Я снова набрал номер, но на этот раз трубку бросили, едва услышав мой голос. В конце концов, отчаявшись, я позвонил своему редактору. Мне очень этого не хотелось, но иначе пришлось бы ловить случайного прохожего или таксиста, просить довезти или довести до дому и терпеливо принять все вытекающие последствия. Вызов милиции или «скорой», к примеру. Можно, конечно, попытаться добраться самостоятельно. Но сейчас меня это ужасало даже больше, чем последствия разговора со случайным прохожим и перспектива объяснять спецназовцам, почему я грязен, оборван, в синяках и не могу найти свой дом.
Редактора моего звали Владимир Николаевич Буров, он возглавлял издательство, меняющее название в среднем раз в три месяца и издающее буквально всё, способное принести доход: от инструкций по пользованию презервативами до псалмов. Мы встретились с ним, когда я искал издателя для своего романа, обивал пороги редакций и приучился говорить: «Спасибо, до свидания», еще не дослушав совета обязательно зайти через две недели, а лучше – через три. Роман был про Роммеля, войну и революцию в одной отдельно взятой среднеевропейской стране. В романе были танки, умирающие на фоне заката молодые бойцы, роковые женщины и происки разведок. Это был хороший роман. Я им гордился.

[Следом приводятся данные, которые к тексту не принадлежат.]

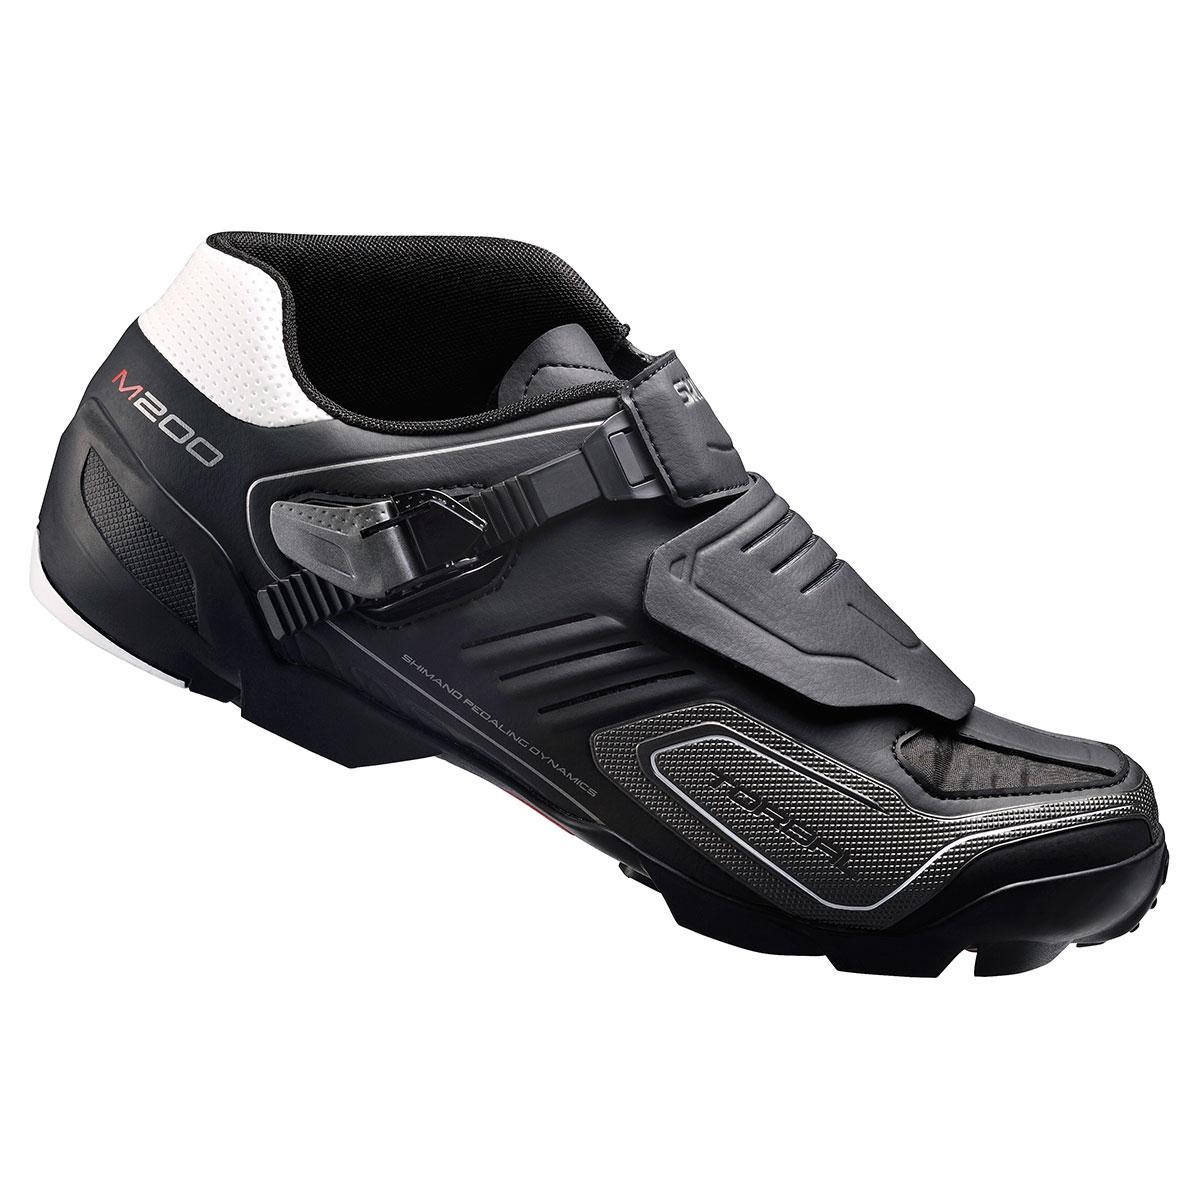 ESHM200C410L Shimano (M200) MTB Shoe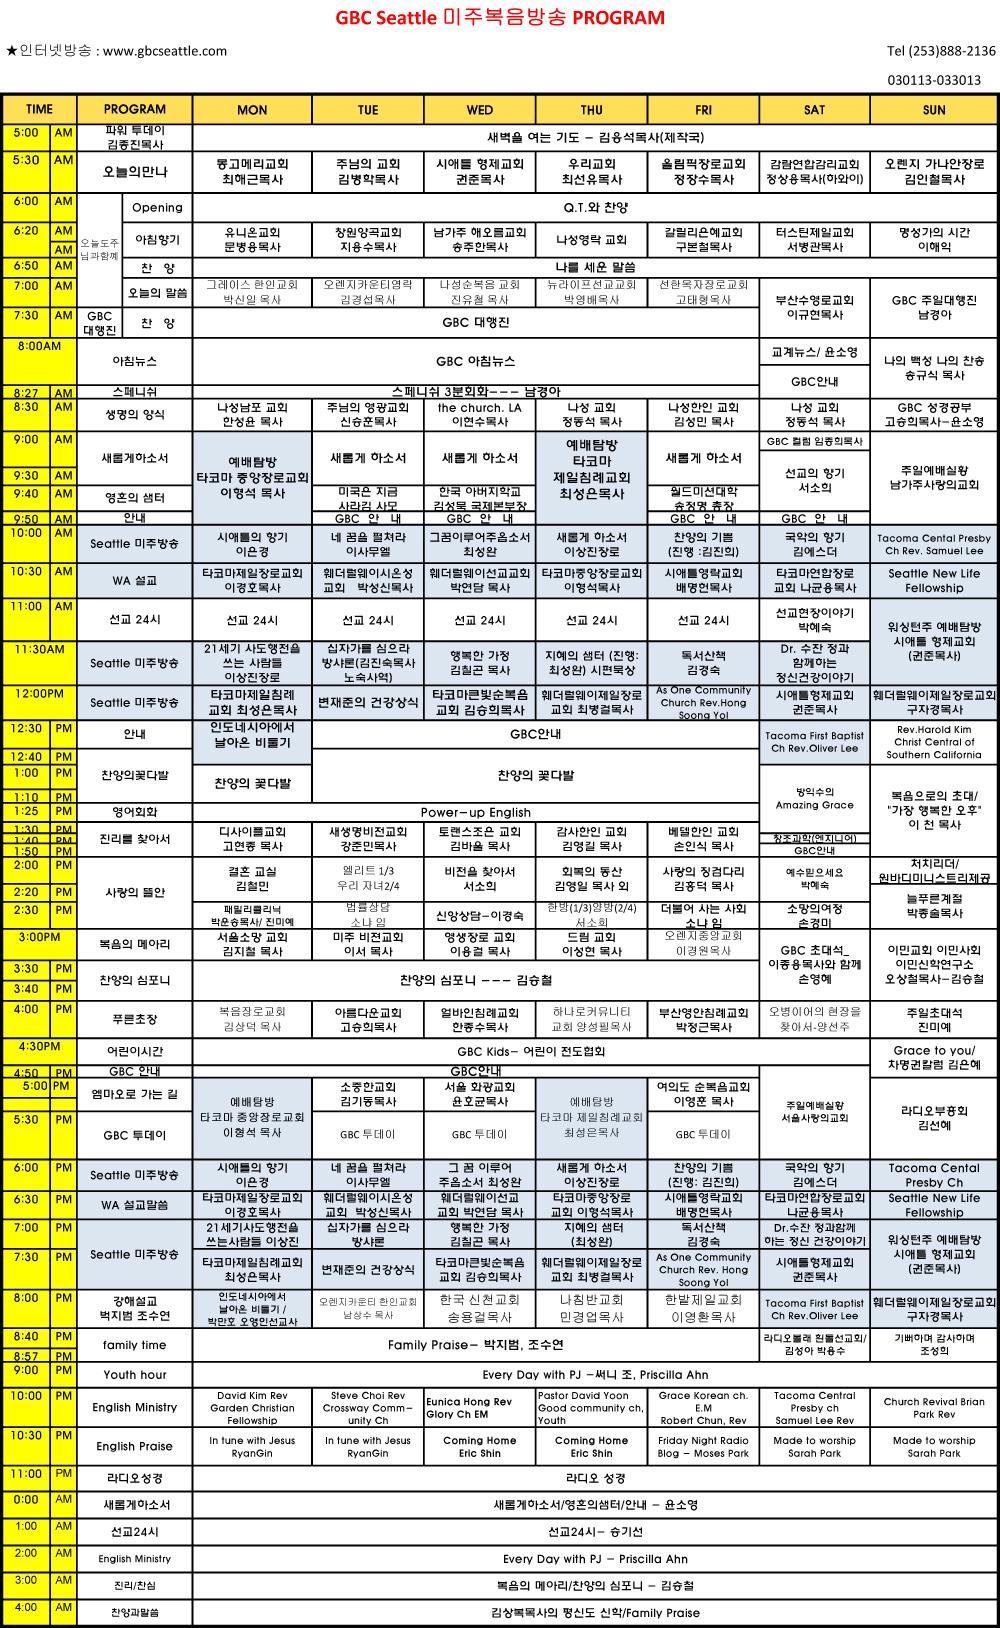 GBC Seattle 프로그램편성표_2013_3월(030113-033013).jpg

Буров пообещал обязательно на мой роман посмотреть, отложил его в сторону и осведомился, имеется ли у меня компьютер. Я ответил: имеется. Поинтересовался, кто я по профессии. Я ответил: физик. И тогда он предложил мне написать для него «Сто великих открытий» – по пять долларов за открытие. Я отказался. Тогда он предложил мне написать «Сто великих педерастов» – по пять долларов за каждого великого педераста. Я же в ответ предложил ему написать «Сто великих человеческих подлостей» – по семь долларов за подлость. Буров степенно огладил ухоженную седую бородку, посмотрел на меня поверх очков и сказал: «Пять с половиной». Сошлись мы на шести. С подлостями я покончил за четыре месяца и еще полмесяца уговаривал Бурова отдать мне деньги. Буров говорил, что сумма слишком большая, поил меня растворимым кофе и советовал зайти через две недели. Тогда, возможно, деньги найдутся. На третьей двухнедельной отсрочке я согласился написать для него авантюрно-порнографический роман за четыре месяца. Деньги нашлись с поразительной быстротой, не только за подлости, но и аванс за роман.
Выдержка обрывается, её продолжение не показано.